Perhaps the greatest threats to critically engaged broadcasting arise from state and corporate censorship. Today censorship can arise algorithmically, from well intentioned efforts to increase user engagement, and with it profits. It can enable the worst elements of authoritarian state surveillance and intervention: The observation and manipulation of the intimate communications of everyday people. Under East Germany’s notorious Stazi regime, the practice of Zersetzung was employed against dissidents (Dennis, 2006). This was the willful distortion of a person’s experience of the world. The secret destruction of their personal and professional relationships. Zersetzung was a form of state gaslighting that isolated and psychologically injured its victims. Today’s online media landscape has the potential to be just as damaging. Internet users, cut off from one another in self referencing echo chambers, can become radically disconnected. These bubbles threaten the very possibility of a shared political and cultural landscape: And with the the stability of society, family and social relationships.

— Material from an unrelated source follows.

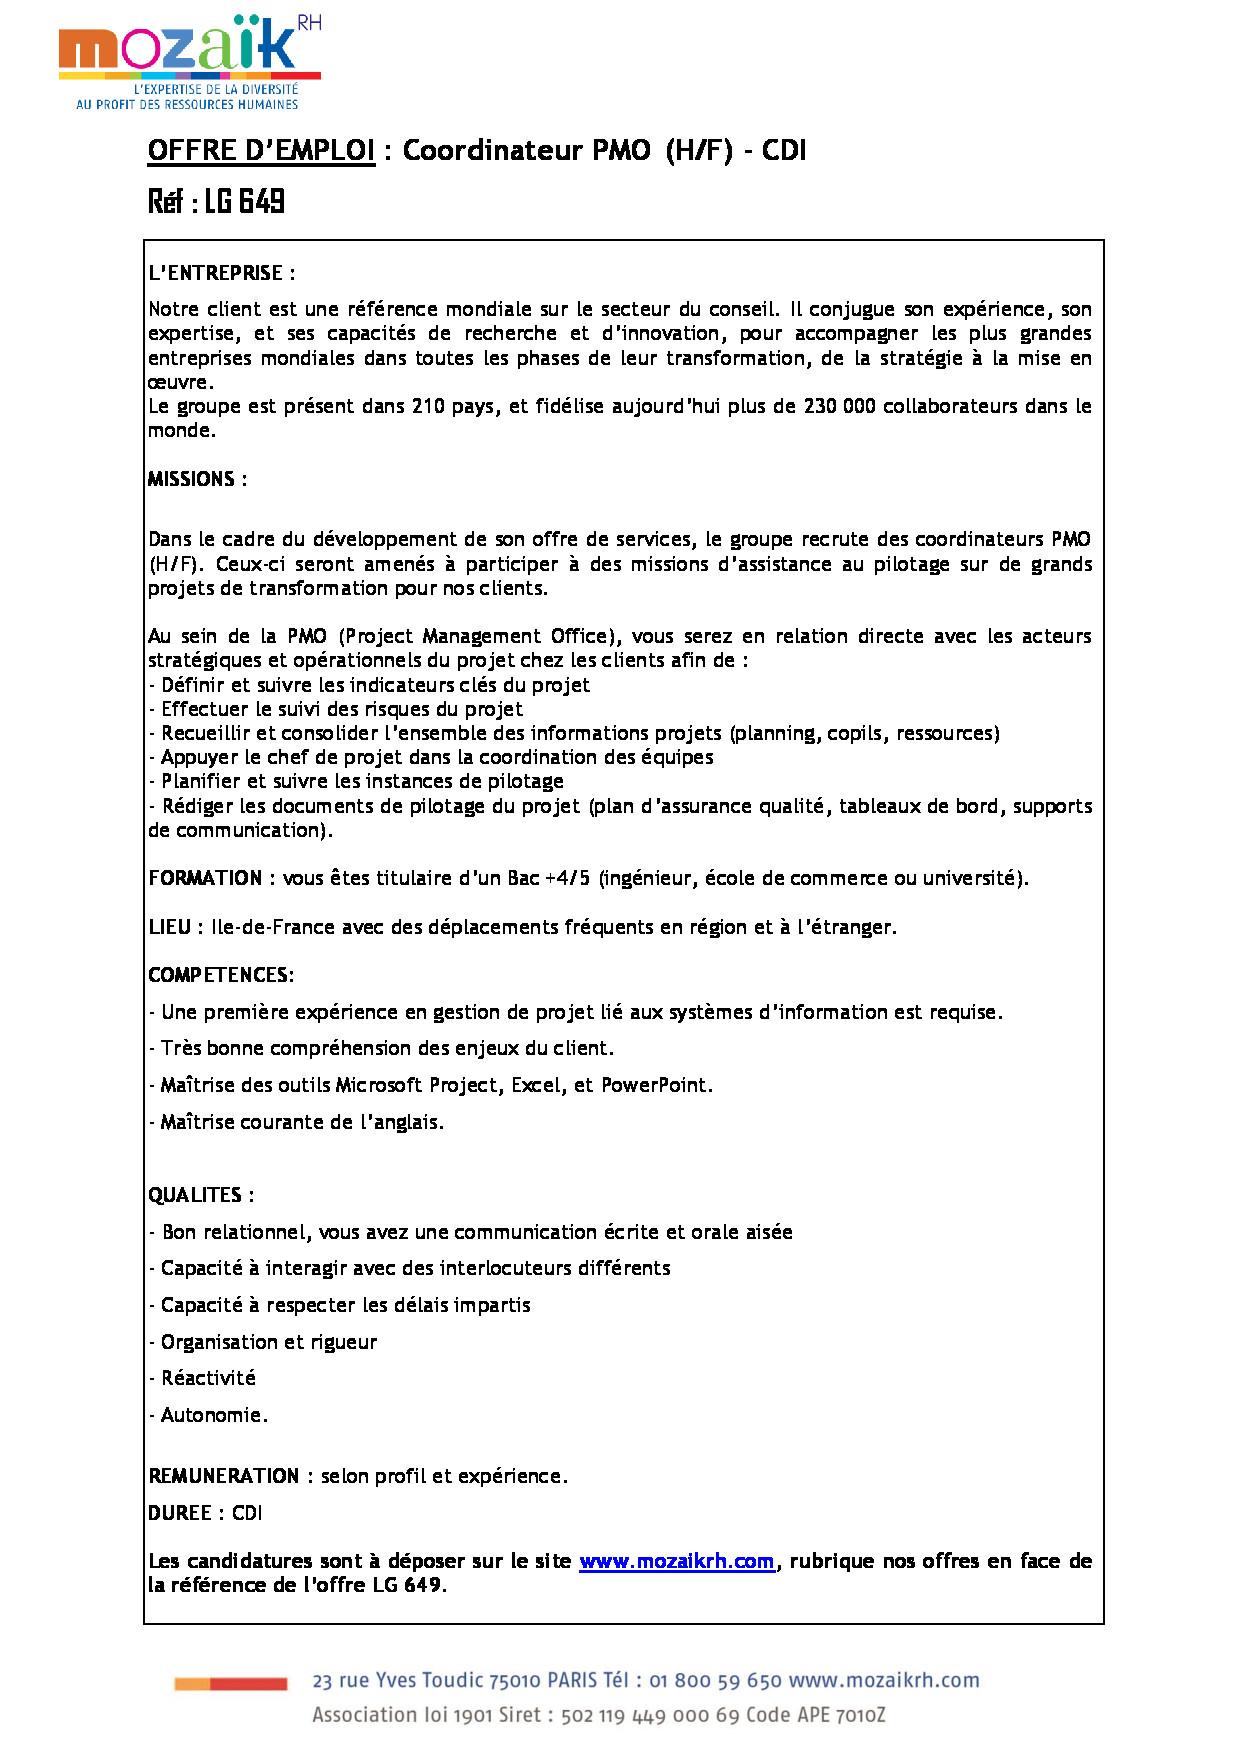 FDP Coordinateur PMO

The net has accelerated financial inequality, even as it has led to unparalleled economic growth and access to information. We live in a Golden Age of Television (Thompson, 2013), with the most inventive, high quality drama ever broadcast. And yet enormous audiences prefer to watch and share the most trivial short form videos: Distractions that represent the least informative and edifying forms of escapism. We can publicise our interests and find others who share them. Yet keeping our viewing preferences, our online behavior and our communications private is all but impossible.
The impact of the internet has no valance. It has not been to influence mass communication, but rather to replace it. It has not merely affected existing media, but rather engulfed it. Broadcasting and narrowcasting are classifications of a bygone age. Media and communication are now united in a spectacular, universal panopticon. A place where any may speak, but where it is increasingly difficult to truly listen.